Suleiman Souhlal wrote:

>Hello Alan,
>
>Profiling shows that the vm page queue mutex is the most contended lock in
>the kernel, maybe apart from sched_lock. It seems that this is in part
>because this lock protects a lot of things: page queues, pv entries, page
>flags, page hold count, page wired count..
>
>  
>

To start, I would concentrate on entirely eliminating the use of the 
page queues lock from pmap_enter() and pmap_removes_pages().  I've 
inlined specific comments below.

>I came up with a possible plan to reduce contention on this lock,
>concentrating on the amd64 pmap (although these should be applicable to
>the other architectures as well):
>
>- Make vm_page_flag_set/clear() just use atomic operations to get rid of
>  the page queues lock dependency.
>  I'm still not entirely convinced this is entirely safe.
>
>  
>

I would not do this.  Instead, I would create a separate 
machine-dependent flags field that is synchronized by the same lock as 
the pv lists.  This field would then be used for flags such as  
PG_REFERENCED and PG_WRITEABLE.  (In fact, I believe that there is 
wasted space due to alignment in amd64's page structure that could be 
used for this.)

[snip]

>- Add a mutex pool for vm pages to protect the pv entries lists.
>  I'm currently working on this.
>  My current approach makes struct pv_entry larger because it needs to store
>  a pointer to the pte in each pv_entry.
>
>  
>

While a mutex pool may ultimately be needed, I would start with a 
simpler approach and then reevaluate what should be the next step.  
Specifically, I would start with a single lock for the pv lists and 
machine-dependent flags.  Then, you won't need the pointer.  Moreover, 
the use of a mutex pool is going to add overhead to the ranged 
operations like pmap_remove_pages() and pmap_remove().

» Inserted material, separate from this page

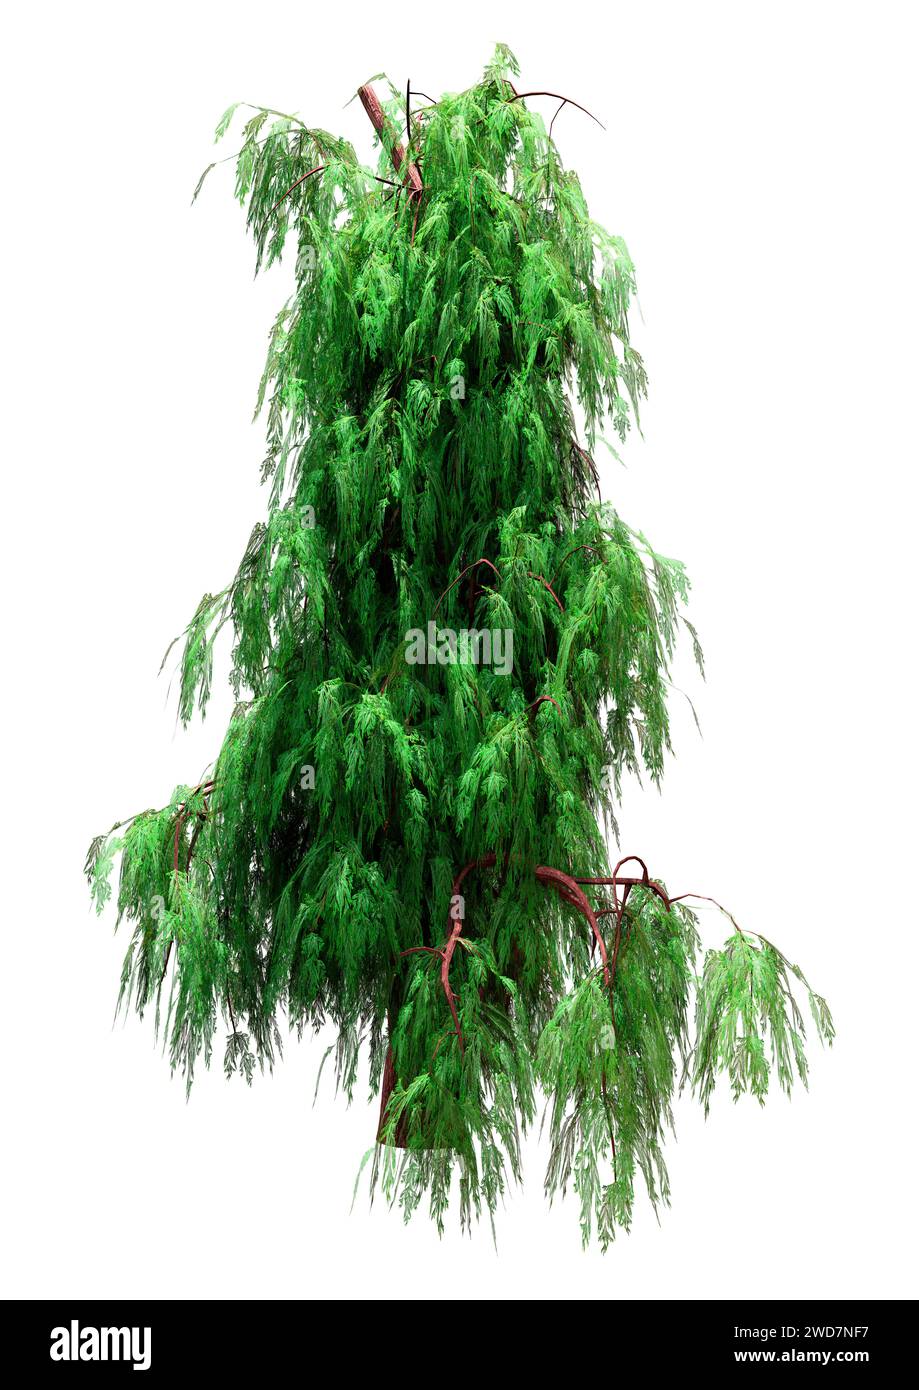 3D rendering of a Kashmir cypress tree isolated on white background Stock Photo

>  Another way that might be better is to move to per-object pv entries,
>  which is what Linux does. It would greatly reduce memory usage when
>  mapping large objects in a lot of processes, although it might be slower
>  for sparsely faulted objects mapped in a large number of processes.
>  This approach would be a lot of work, which is why I'm leaning towards
>  keeping per-page pv entries.
>
>  
>

I have addressed this problem in a different way.  With the superpages 
support in perforce, I create a single pv entry per superpage mapping.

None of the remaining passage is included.